◆ Instructions for the task
Reproduce word for word every line from the one containing "Sherrie Maricle & the DIVA Jazz Orchestra" to the final line of the data below; omit the pictures.

◆ Dataset extract
........

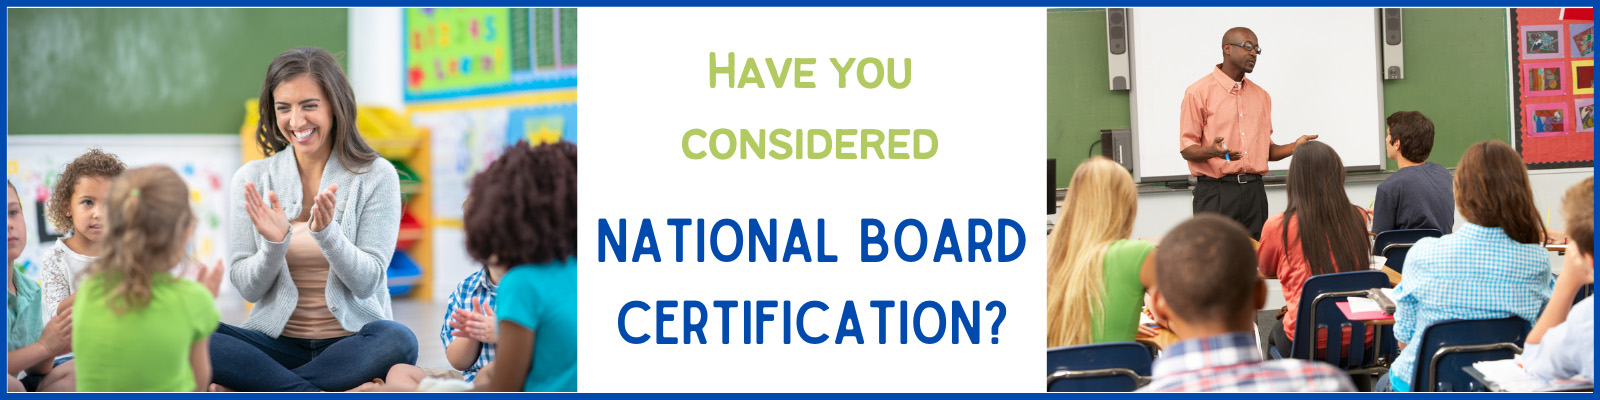 Have you considered National Board Certification?
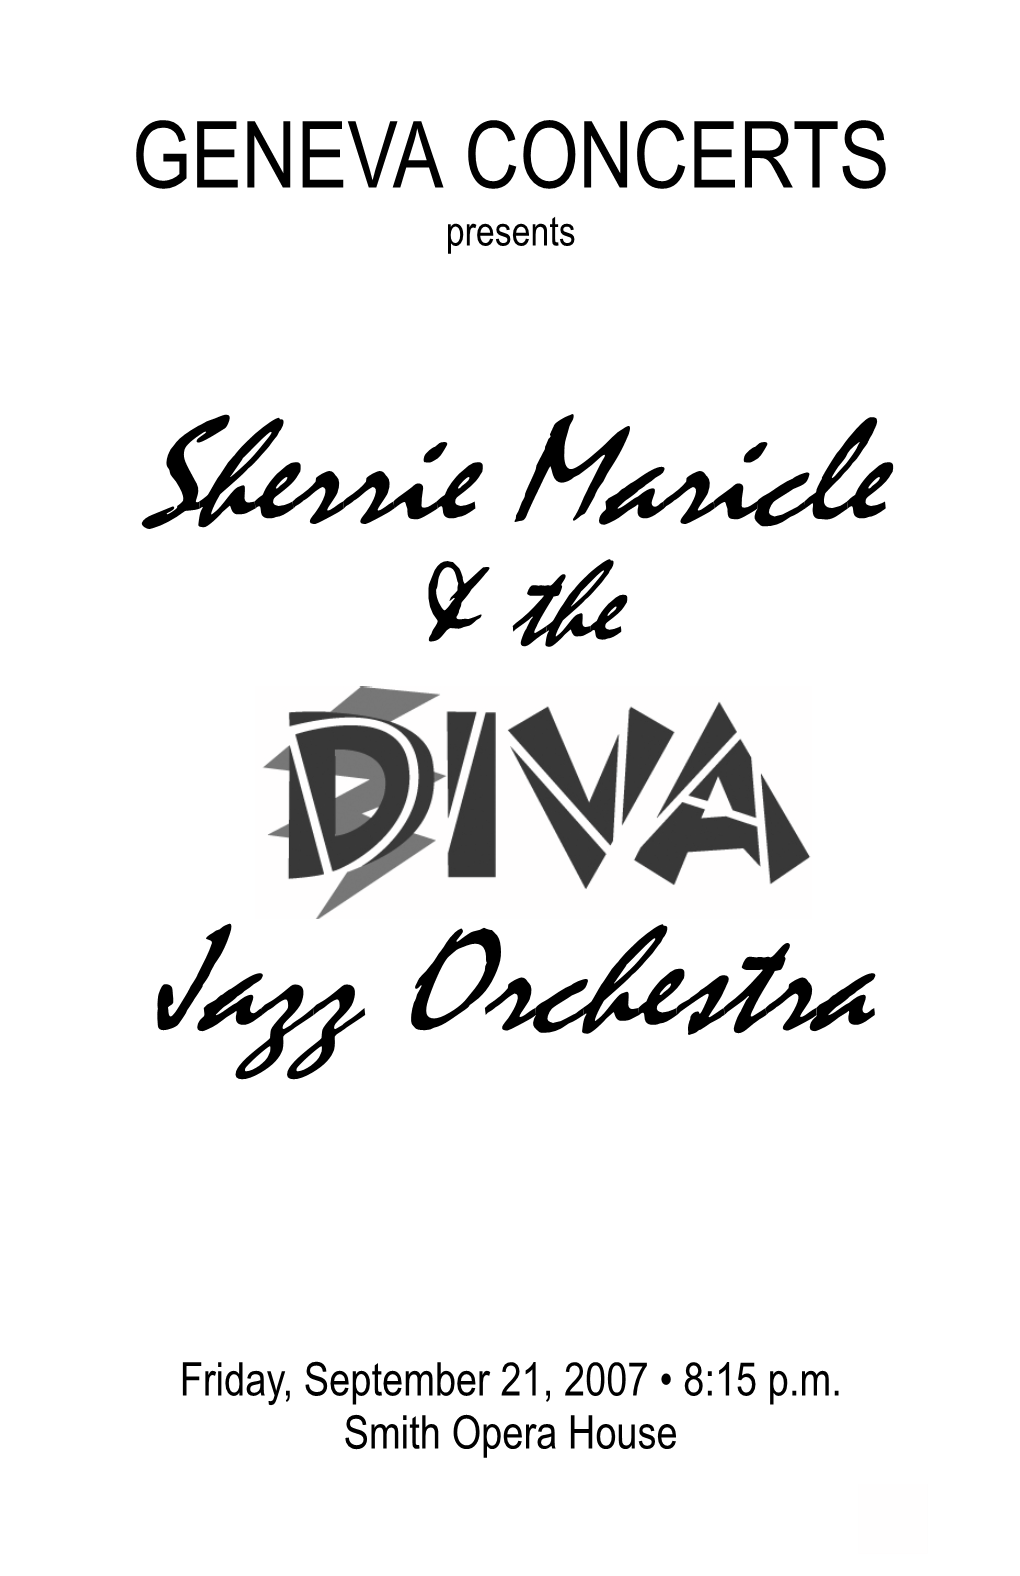 Sherrie Maricle & the DIVA Jazz Orchestra
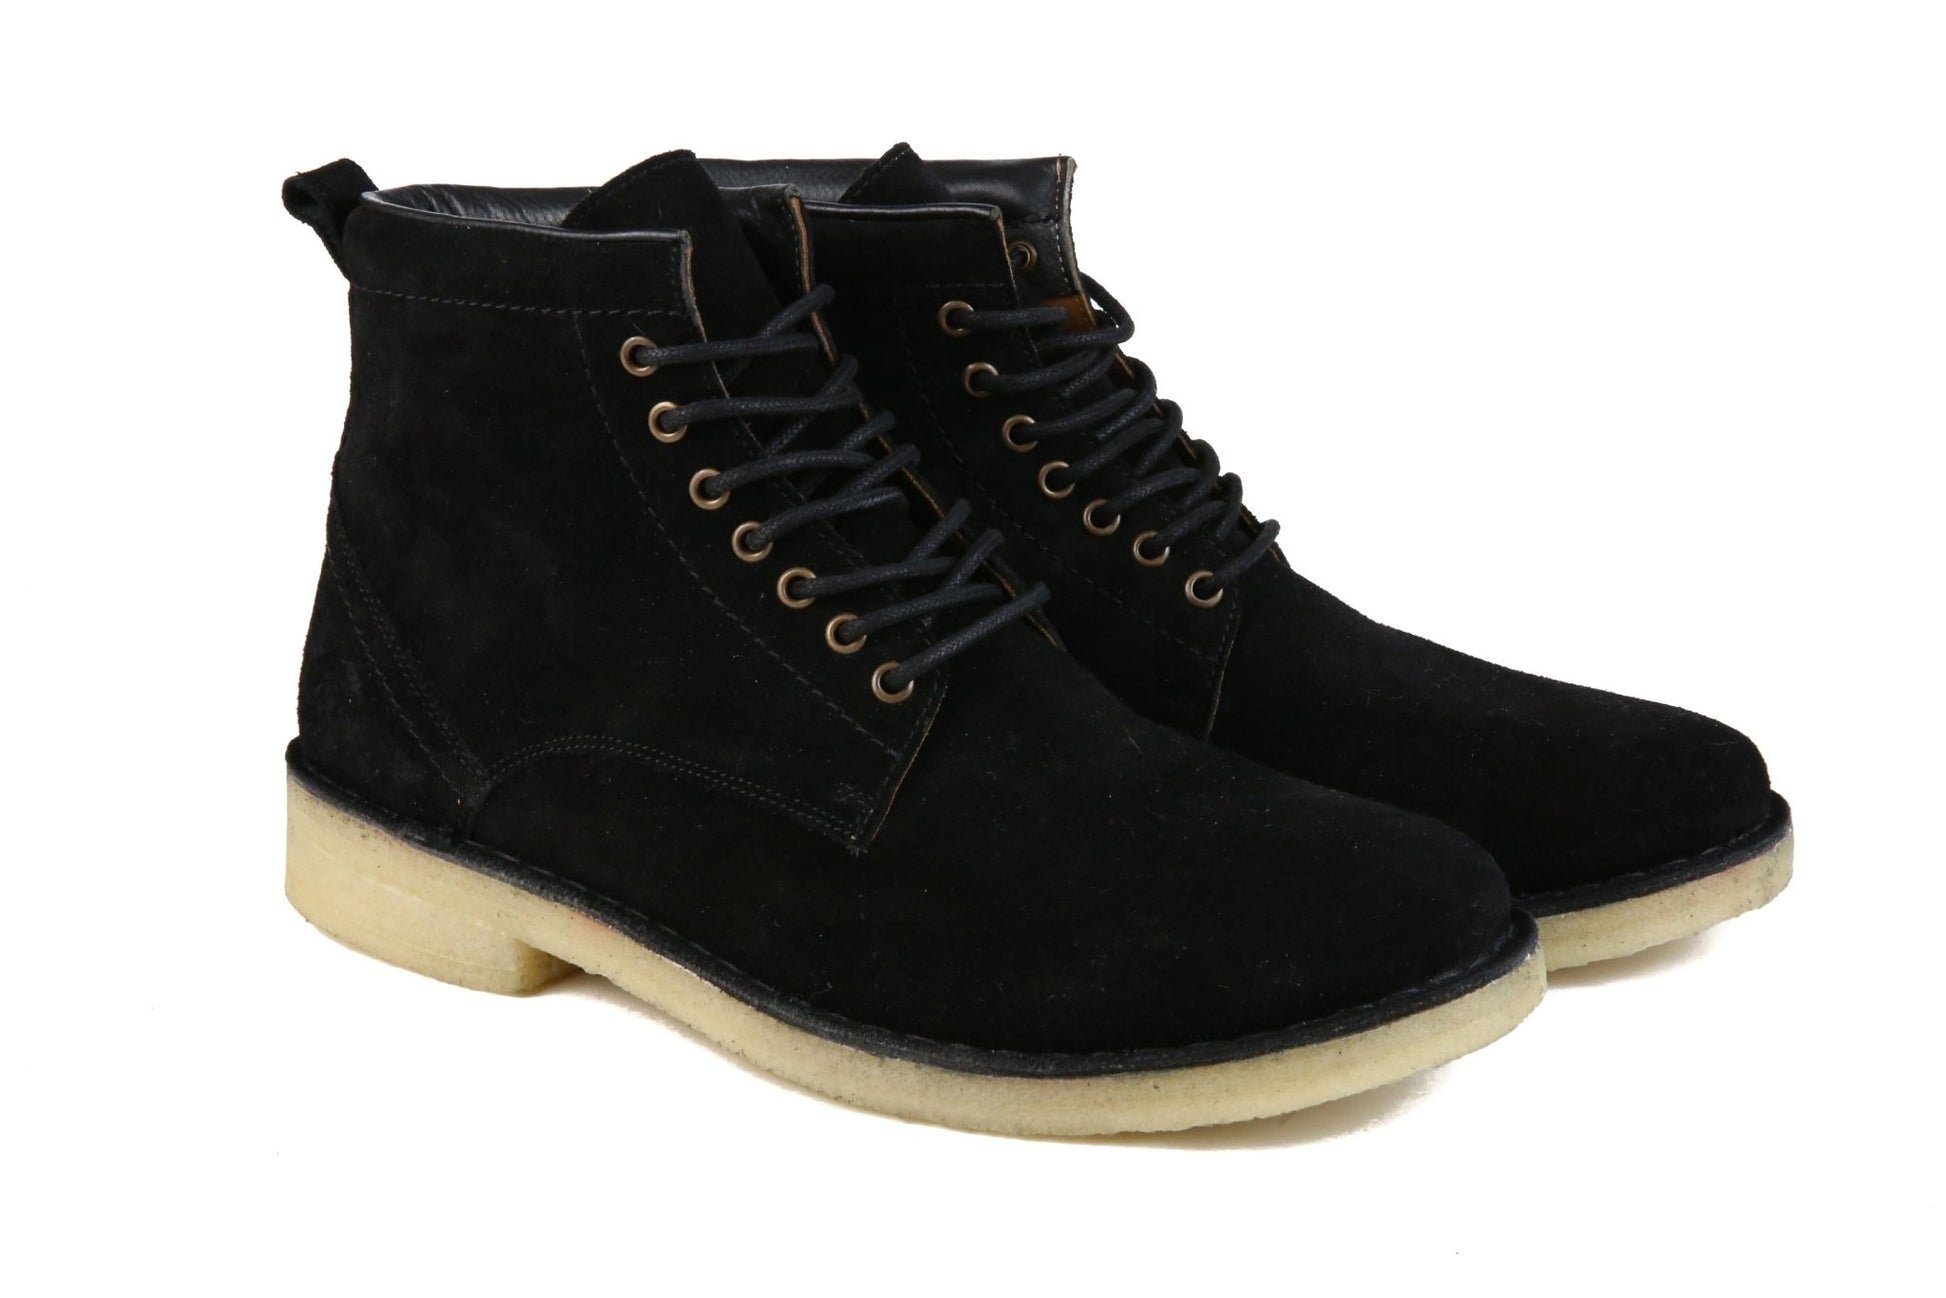 Hound & Hammer The Hunter | Black Ankle Boots for Men - Men - Footwear - Boots - Ankle Boots - Benn~Burry

........

◆ Written answer
 Sherrie Maricle & the DIVA Jazz Orchestra
 Hound & Hammer The Hunter | Black Ankle Boots for Men - Men - Footwear - Boots - Ankle Boots - Benn~Burry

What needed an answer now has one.